The outcry that followed the publication of A Groatsworth of Wit—which not only attacked actors but had accused three leading writers of scurrilous behaviour, including (dangerously in these times) atheism—led to Henry Chettle, who had shepherded the work into print ‘at his peril’, issuing an apology before the year was out.
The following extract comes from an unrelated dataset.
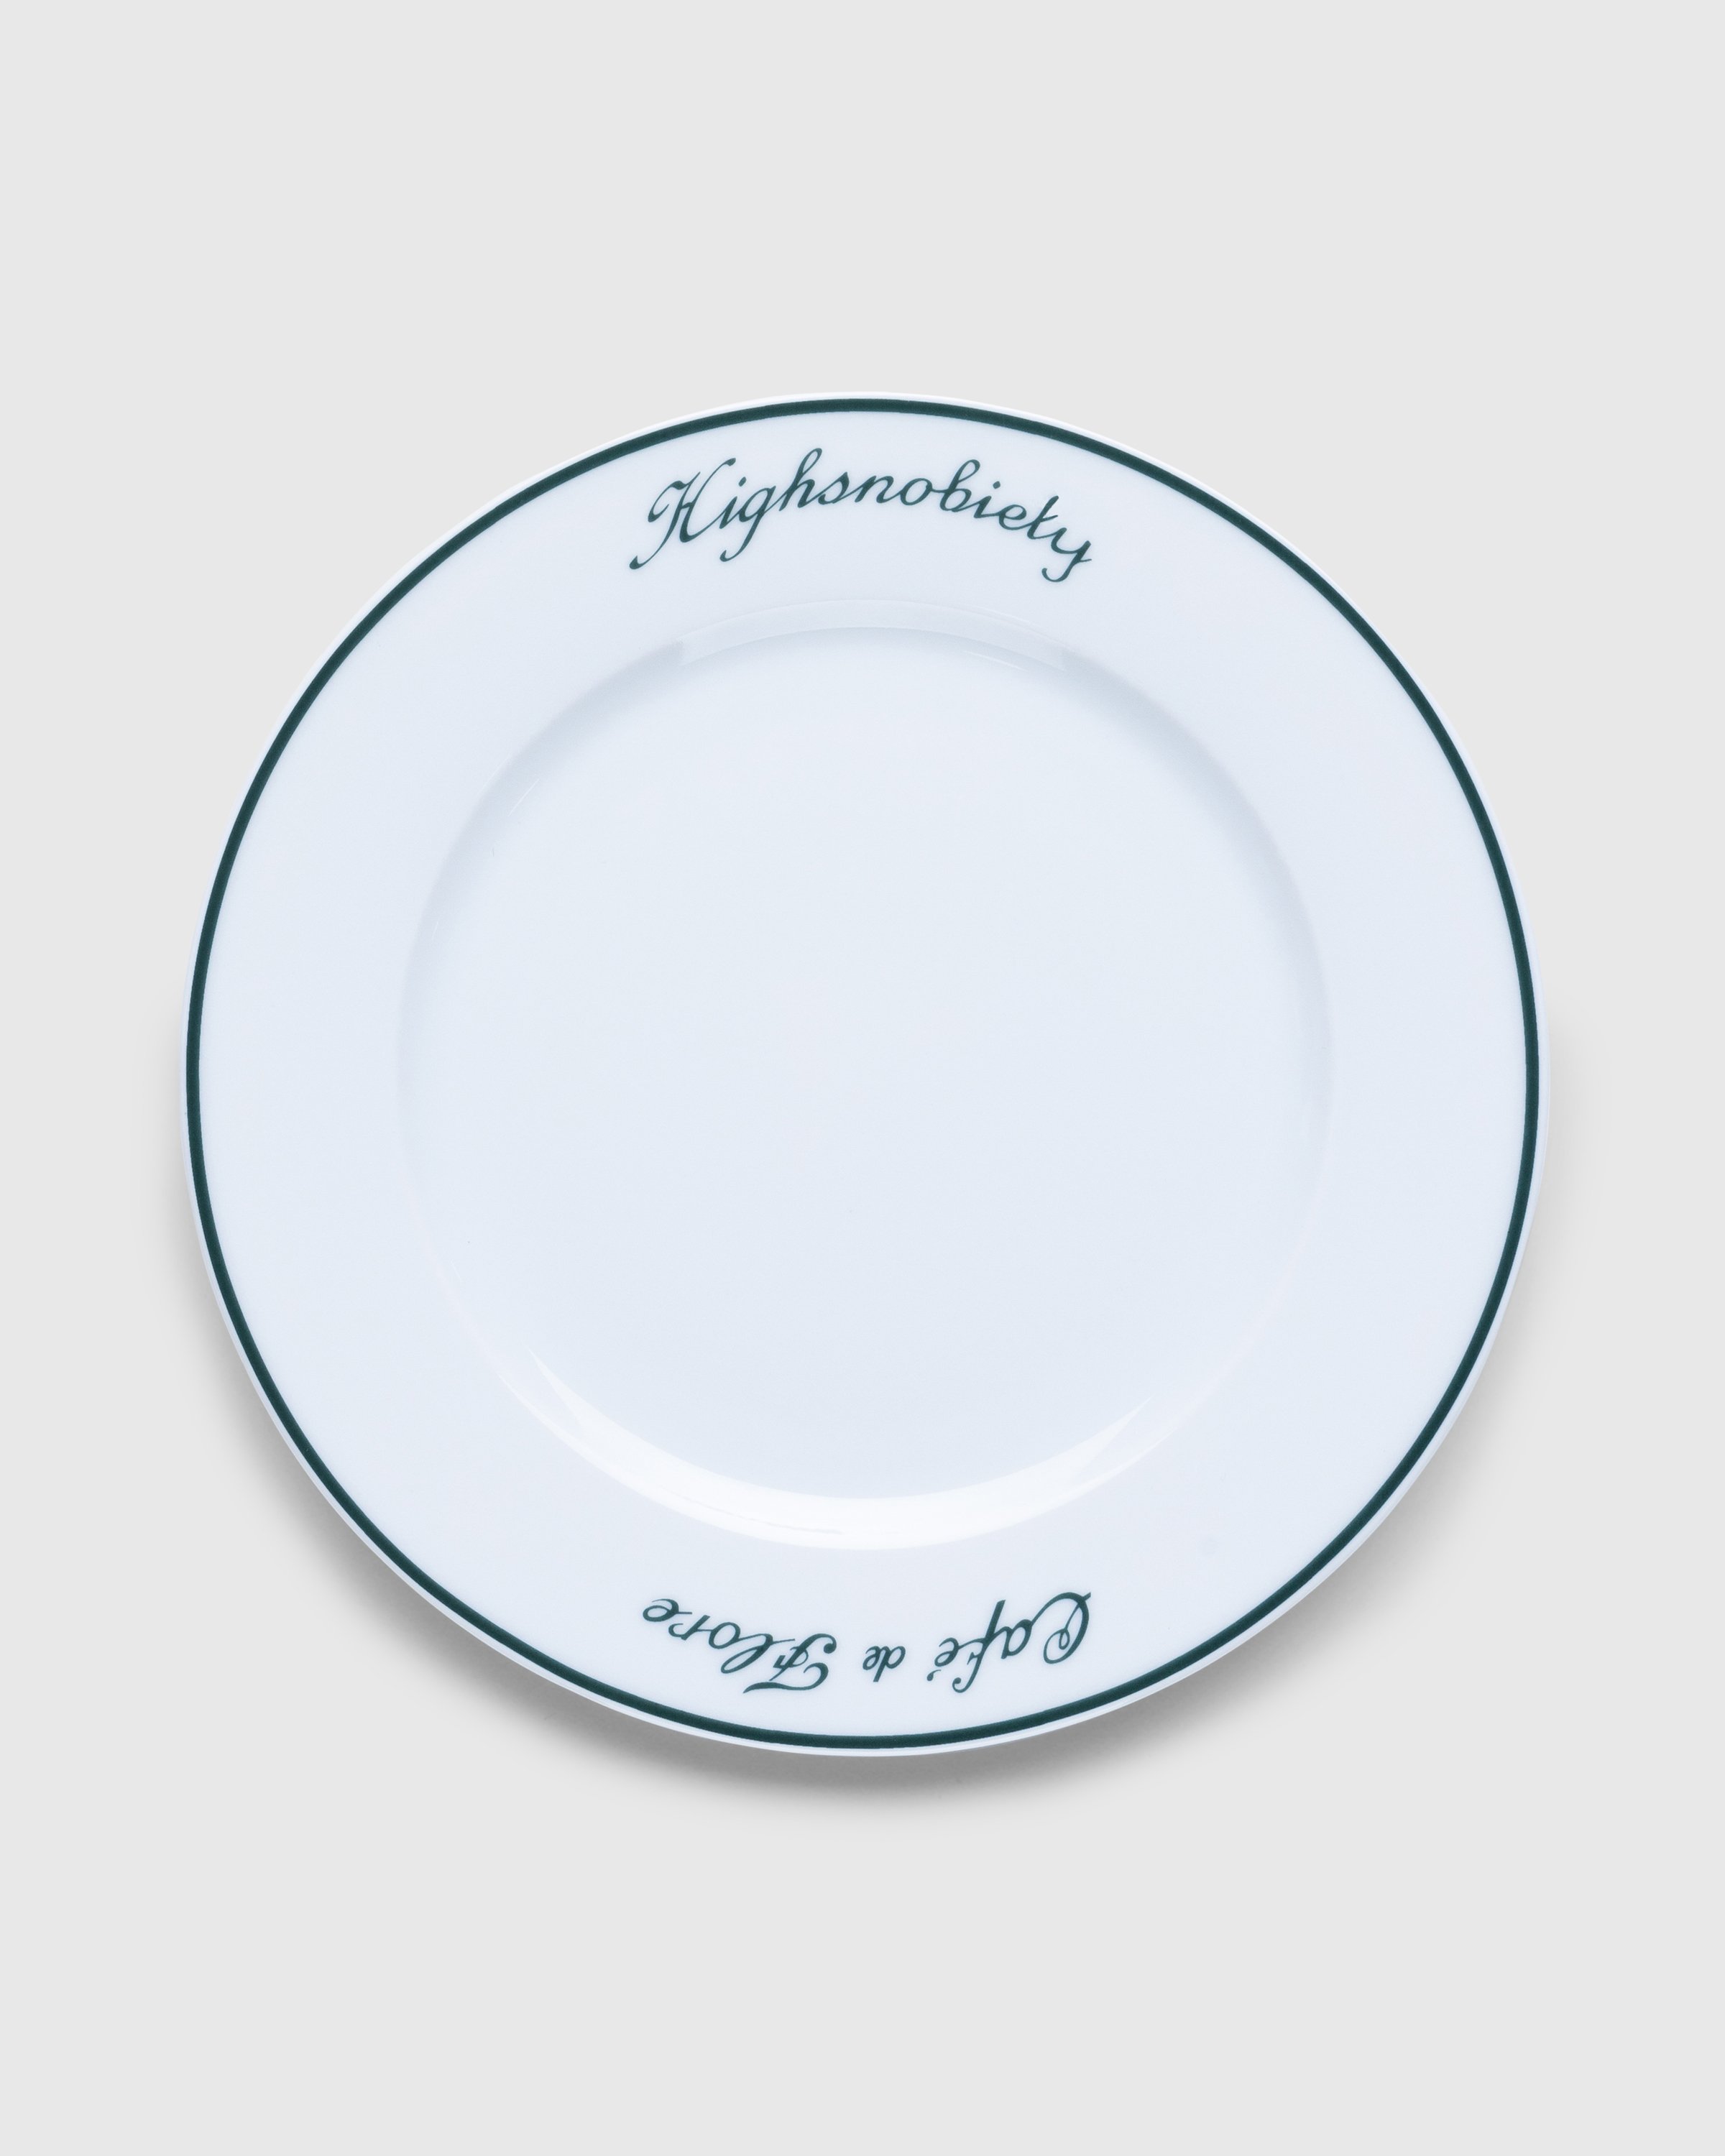 Café de Flore x Highsnobiety - Plate - Lifestyle - White - Image 1

Though his prologue to Kind-Heart’s Dream is still widely referred to as ‘Chettle’s apology to Shakespeare’, it is nothing of the sort; not even if you believe that Shakespeare is the upstart Crow.
Biographers are rather attached to the idea that the apology is aimed at Shakespeare, because in issuing the apology, Chettle says a number of pleasant things about one of the people he has upset: that he himself had ‘seen his demeanour no less civil than he excellent in the quality he professes’ and that
‘diverse of worship [i.e. several important people] have reported his uprightness of dealing, which argues his honesty, and his facetious grace in writing, that approves his art’.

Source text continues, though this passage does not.